WORK ORDER: From the line containing "广西壮族自治区地方税务局关于调整2016年4月份纳税申报期限的通告" through the last line of the listing, output each line exactly as it stands. Omit pictures.

SUPPLIED MATERIAL:
Start of Block
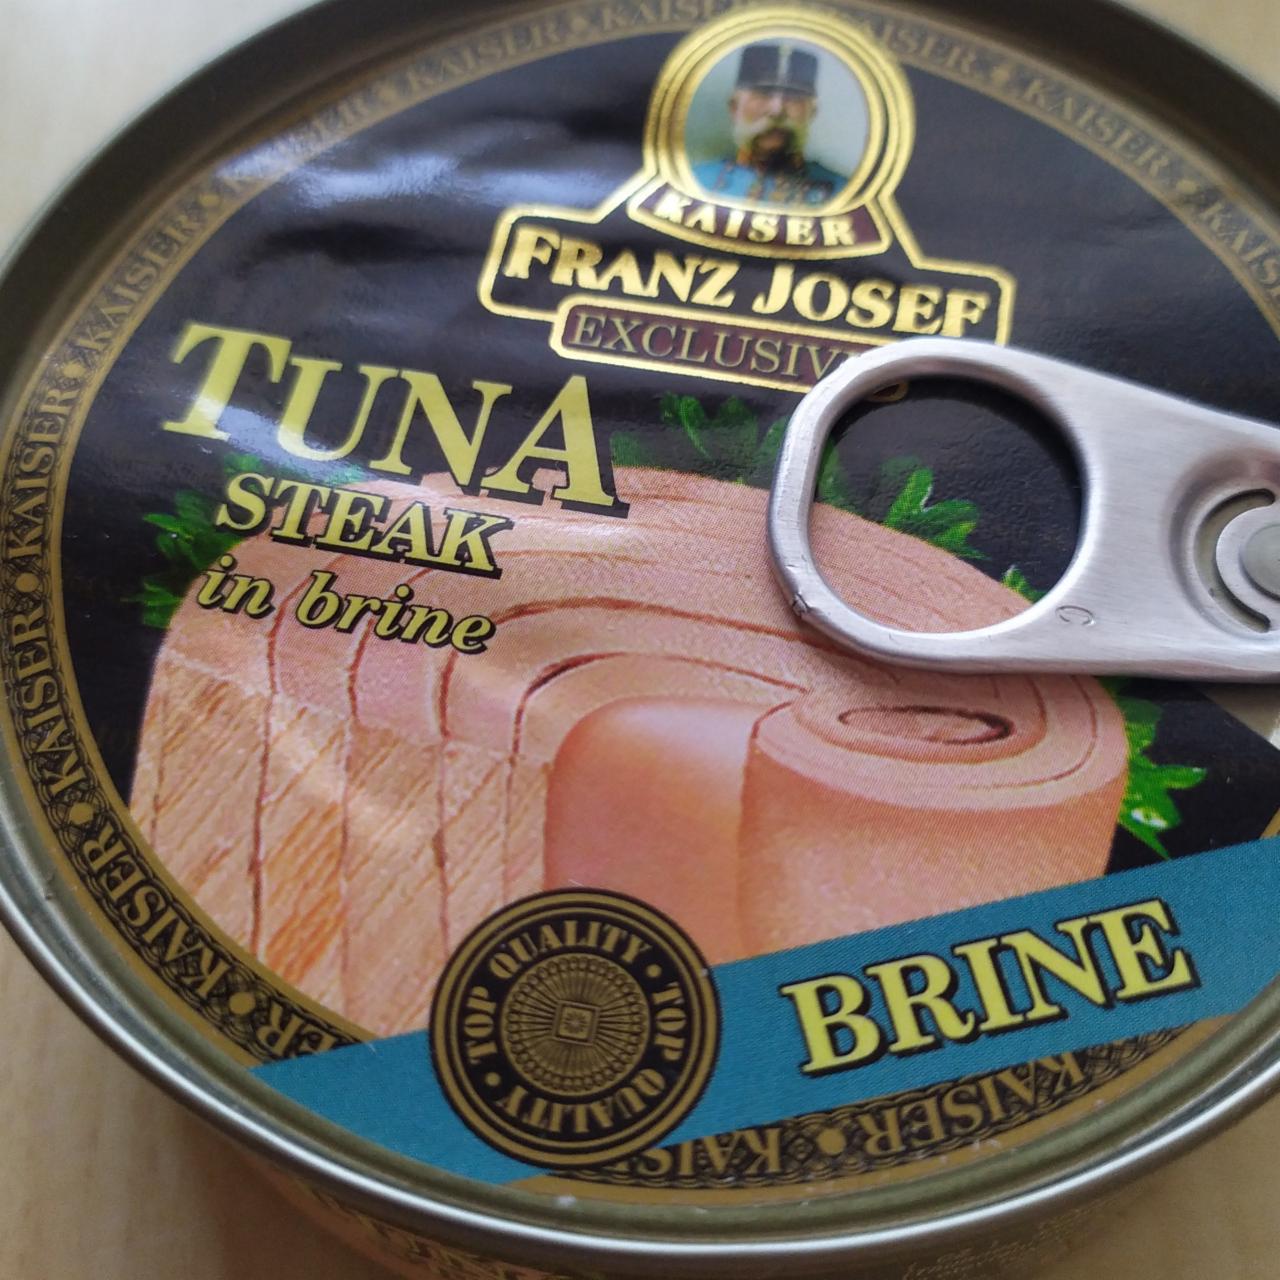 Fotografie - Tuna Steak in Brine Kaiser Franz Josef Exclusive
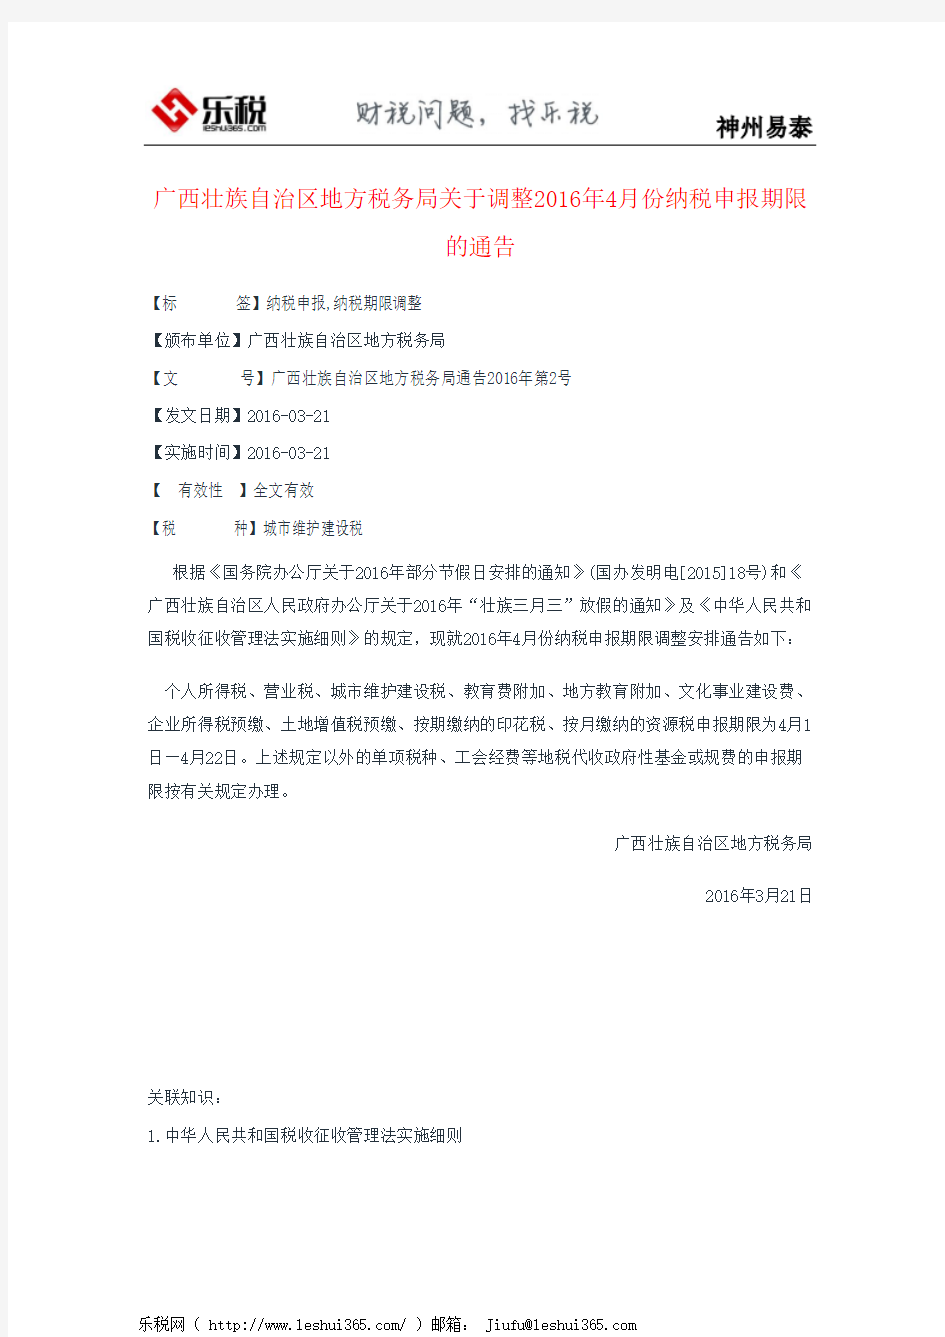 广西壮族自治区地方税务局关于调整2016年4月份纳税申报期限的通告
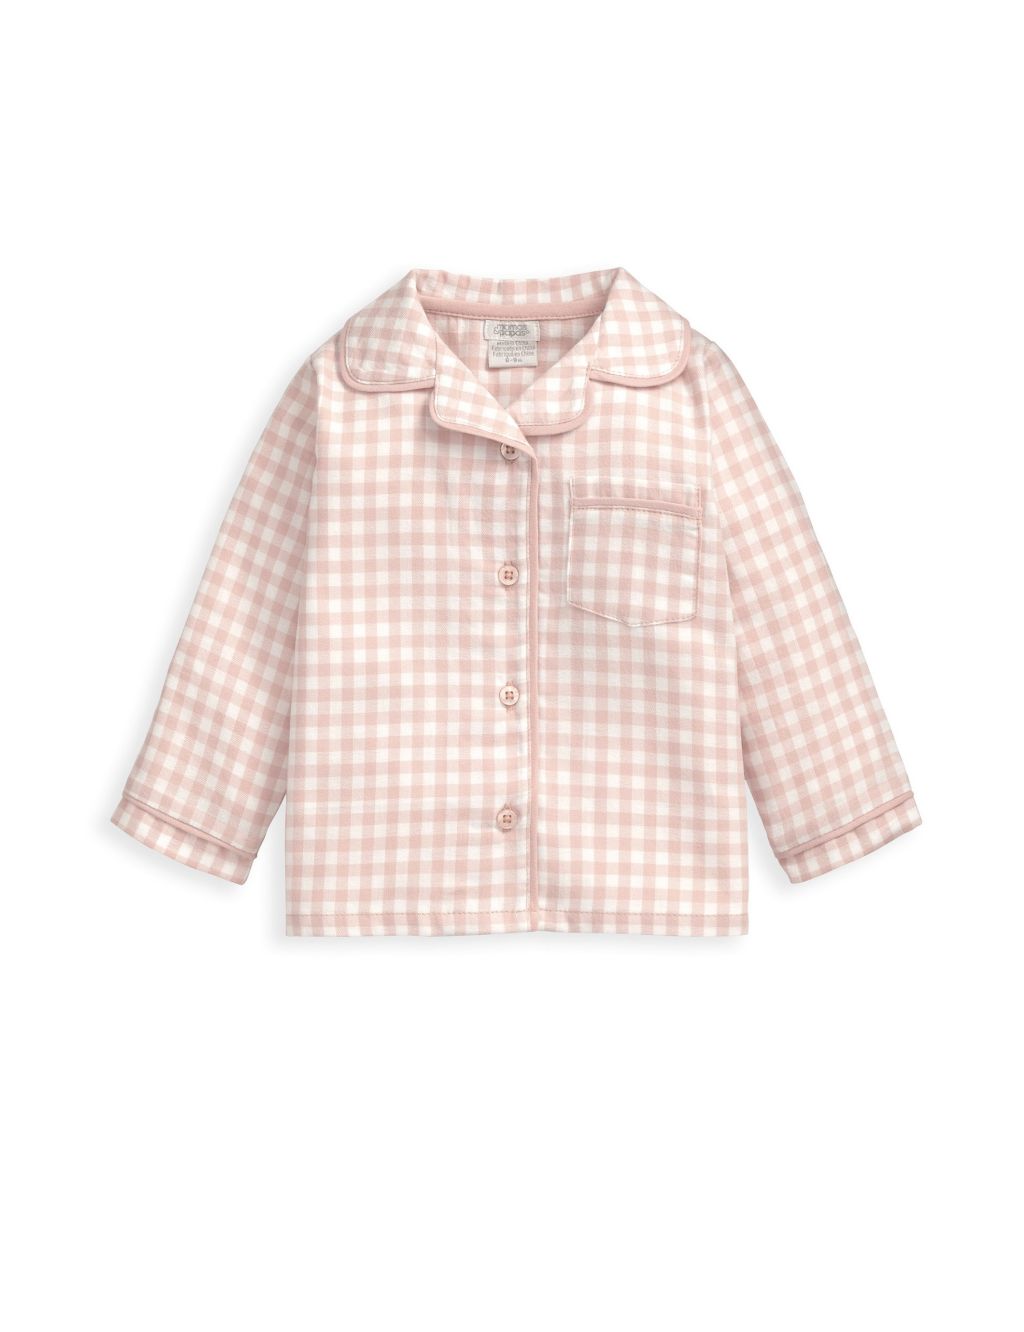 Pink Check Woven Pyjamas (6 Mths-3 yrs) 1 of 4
End of Block
THE ANSWER:
 广西壮族自治区地方税务局关于调整2016年4月份纳税申报期限的通告
 Pink Check Woven Pyjamas (6 Mths-3 yrs) 1 of 4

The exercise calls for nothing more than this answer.